ABOUT THIS EXERCISE -
Omitting all images, set down every line below exactly as it appears.

DATA SEGMENT -
* * *

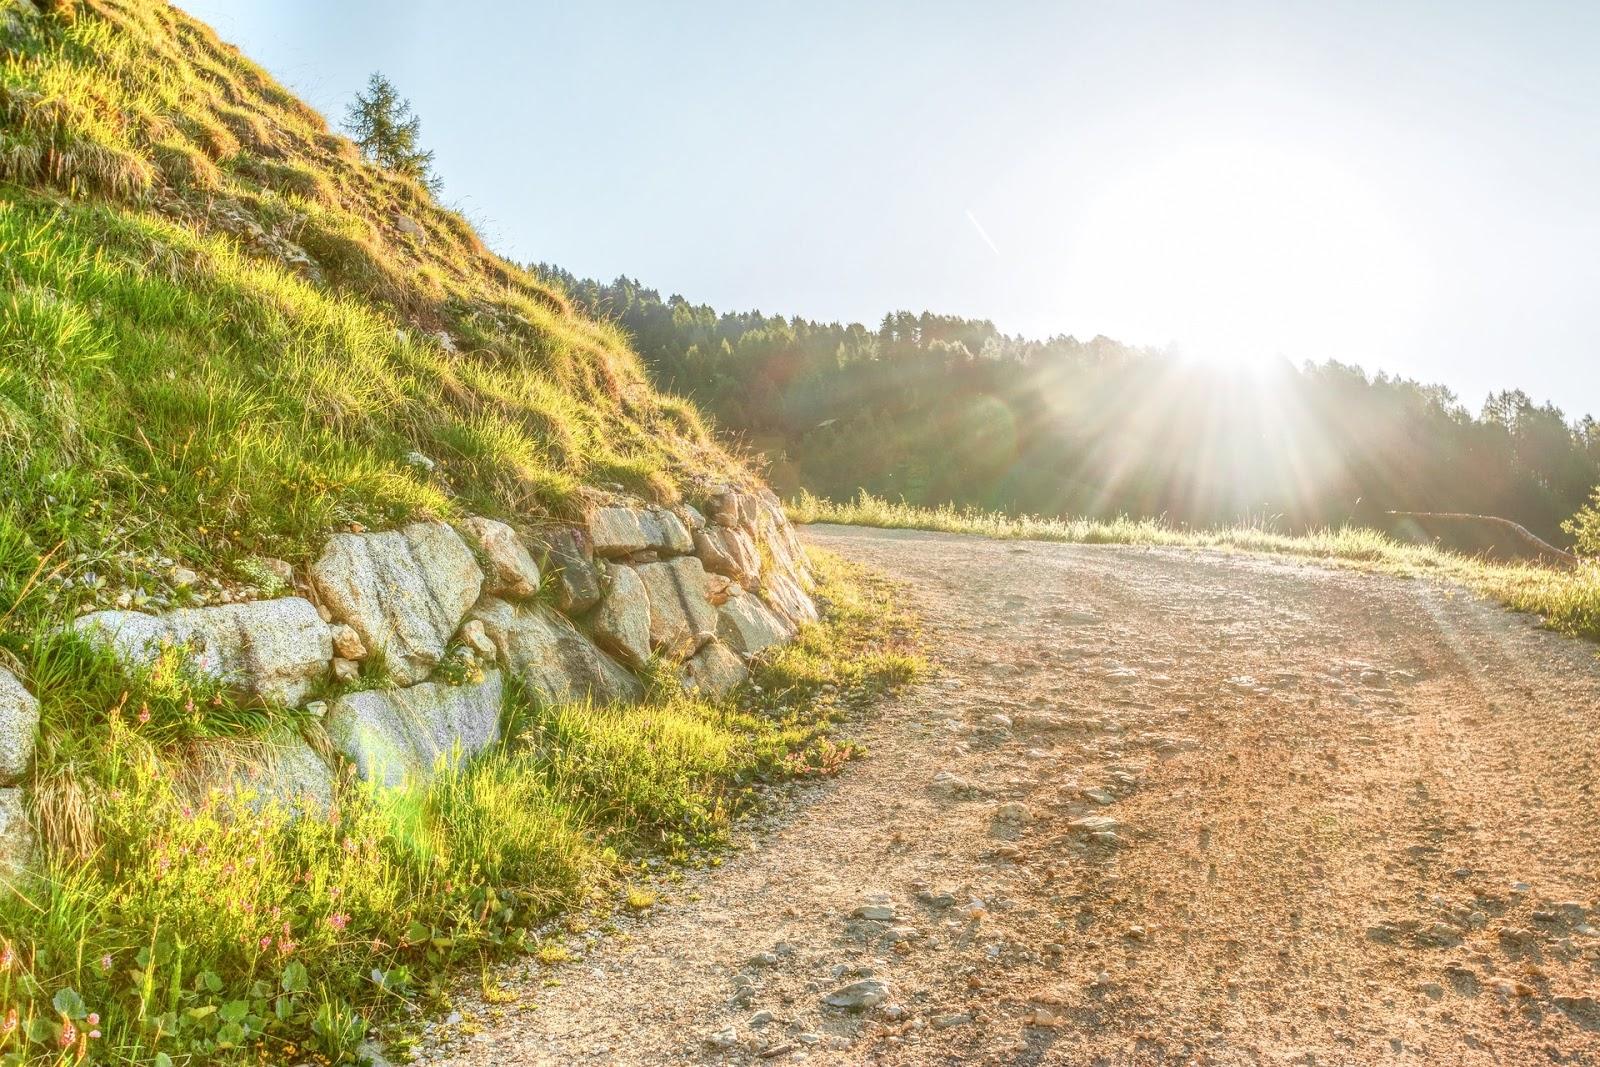 100 Gambar Pemandangan Alam Asli HD
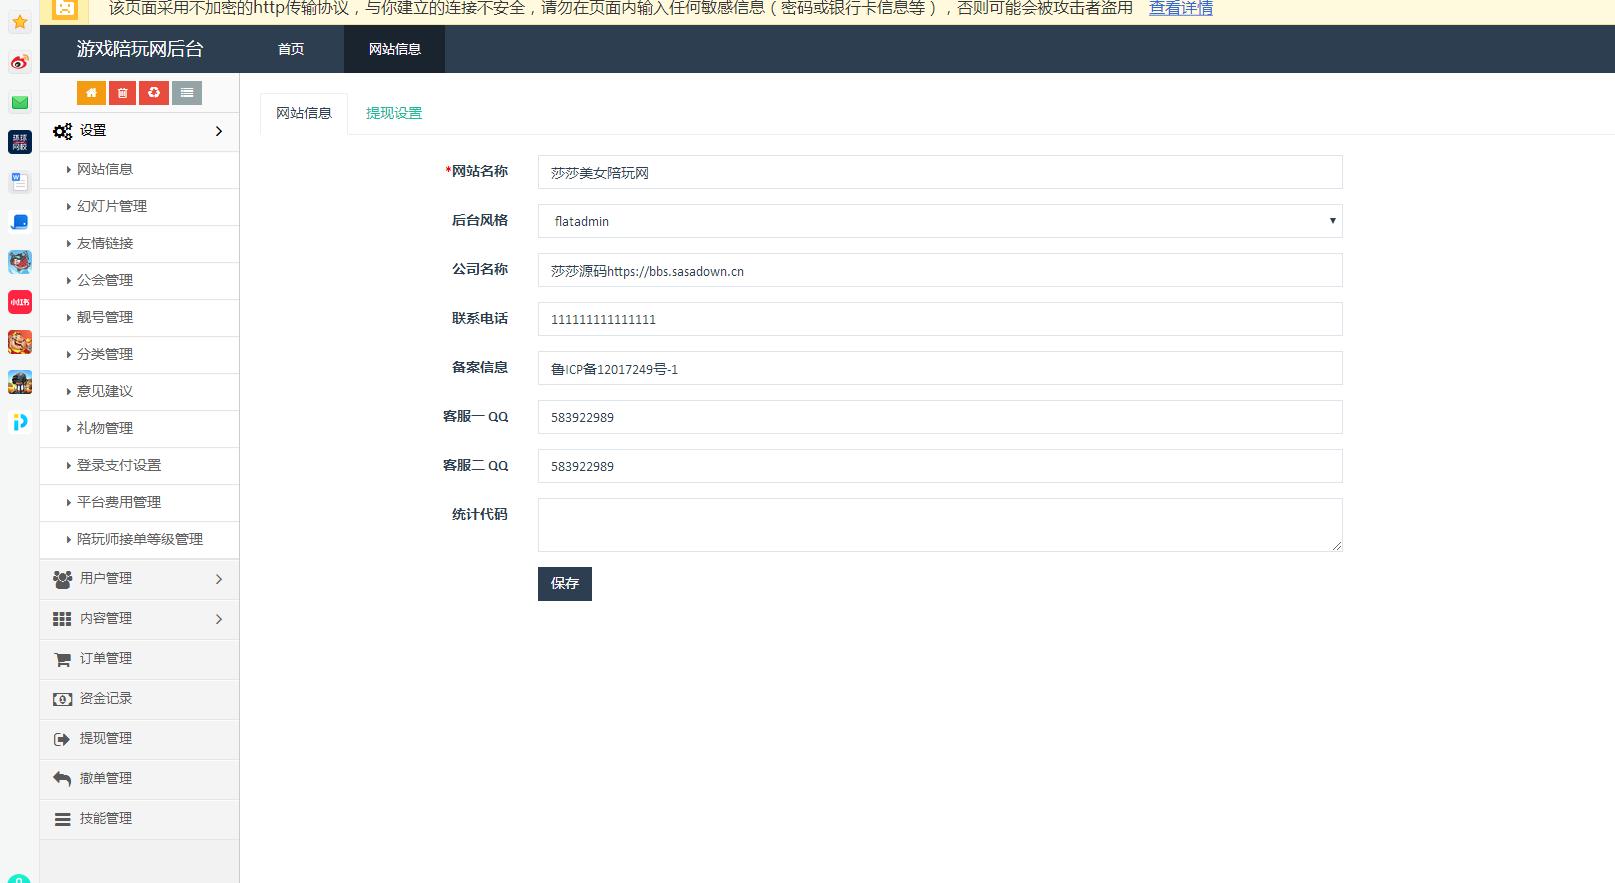 互站卖5000全开源陪玩平台源码MM约玩声优服务陪玩系统源码开黑约玩源码搭建视频-一天源码
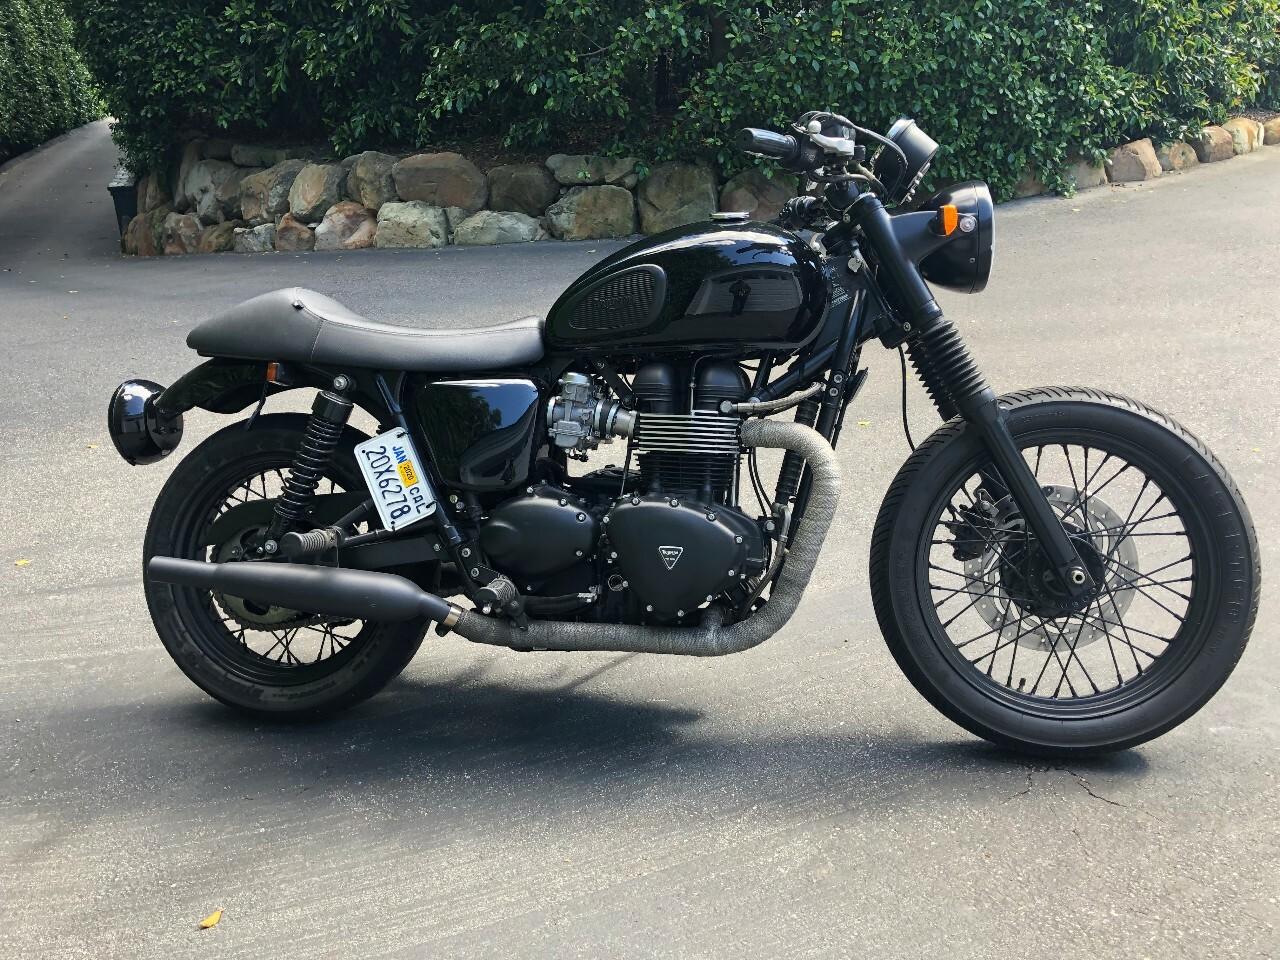 Triumph For Sale - Triumph Classic / Vintage Motorcycles
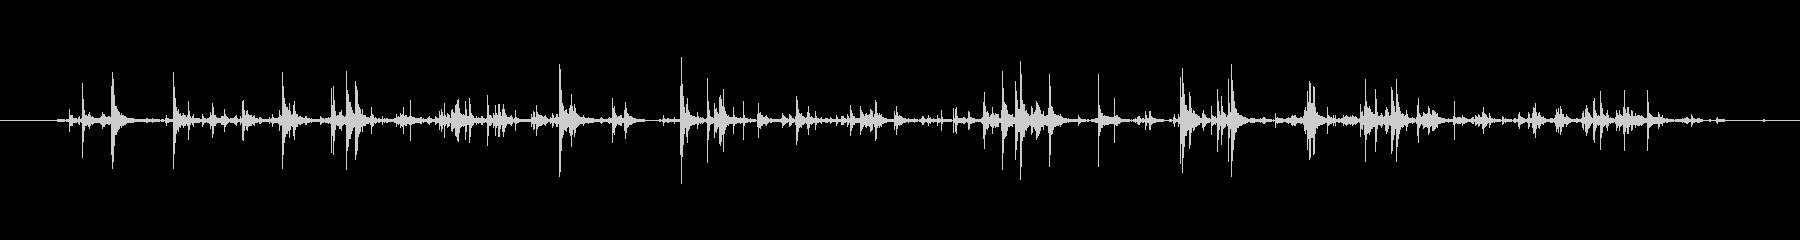 【筆箱01-6(ガサガサ)】の未再生の波形

* * *

ANSWER SECTION -
 100 Gambar Pemandangan Alam Asli HD
 互站卖5000全开源陪玩平台源码MM约玩声优服务陪玩系统源码开黑约玩源码搭建视频-一天源码
 Triumph For Sale - Triumph Classic / Vintage Motorcycles
 【筆箱01-6(ガサガサ)】の未再生の波形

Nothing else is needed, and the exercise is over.